Researchers used a novel extraction method to develop the Cisplatin Response Signature (CisSig) to assess how two cohorts of pretreatment tumor samples respond to cisplatin.

Findings

Results showed the signature could predict response to cisplatin in cell lines from the Genomics of Drug Sensitivity in Cancer (GDSC) database. Moreover, signature expression aligned with clinical trends observed in independent datasets of human tissue samples from The Cancer Genome Atlas and Total Cancer Care databases, researchers wrote.

“We also demonstrated that a CisSig-trained model can retrospectively predict survival outcomes in a small cohort of patients with muscle-invasive bladder cancer who received cisplatin-containing chemotherapy.”

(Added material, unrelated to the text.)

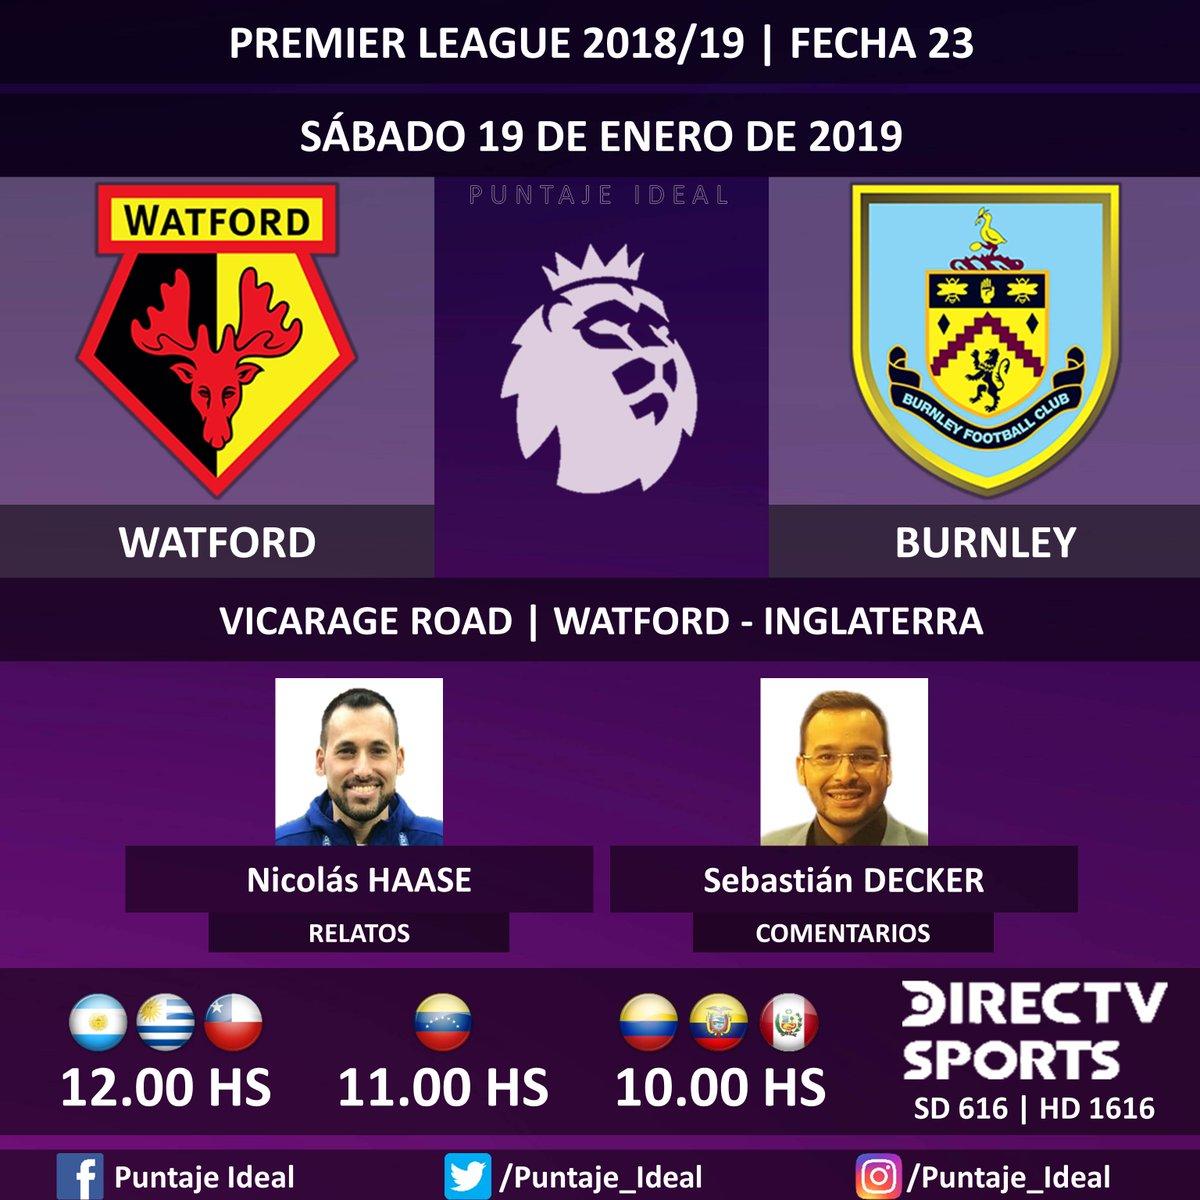 ⚽ #FútbolEnDIRECTV | #Watford vs. #Burnley 🎙 Relatos: @haasenico  🎙 Comentarios: @SebasDecker  📺 TV: @DIRECTVSports Sudamérica (616 - 1616 HD) - #Torneos 🤳 #SoySportista - #PremierLeague 🏴 - #WATBUR  Dale RT 🔃

Using this method, signatures can be extracted for hundreds of chemotherapeutic agents, which may lead to a significant expansion of precision medicine in the world of medical oncology, Scarborough added.

“Further, our demonstration that the CisSig model can predict outcomes in patients with muscle-invasive bladder cancer is in a small cohort, but it’s a promising first step to translating CisSig for use in a clinical setting,” she said.

Future research

Scarborough said that the CisSig model will need further validation in a much larger cohort of patients.

“We are currently working on procuring tissue samples from patients with muscle-invasive bladder cancer and HPV-positive head and neck cancer — both cancers where cisplatin is commonly used,” she said. “Furthermore, our team is working on expanding this signature extraction methodology to combine signatures of individual drug sensitivity to predict response to drug combinations, as this is how chemotherapy is most commonly provided in clinical practice today.”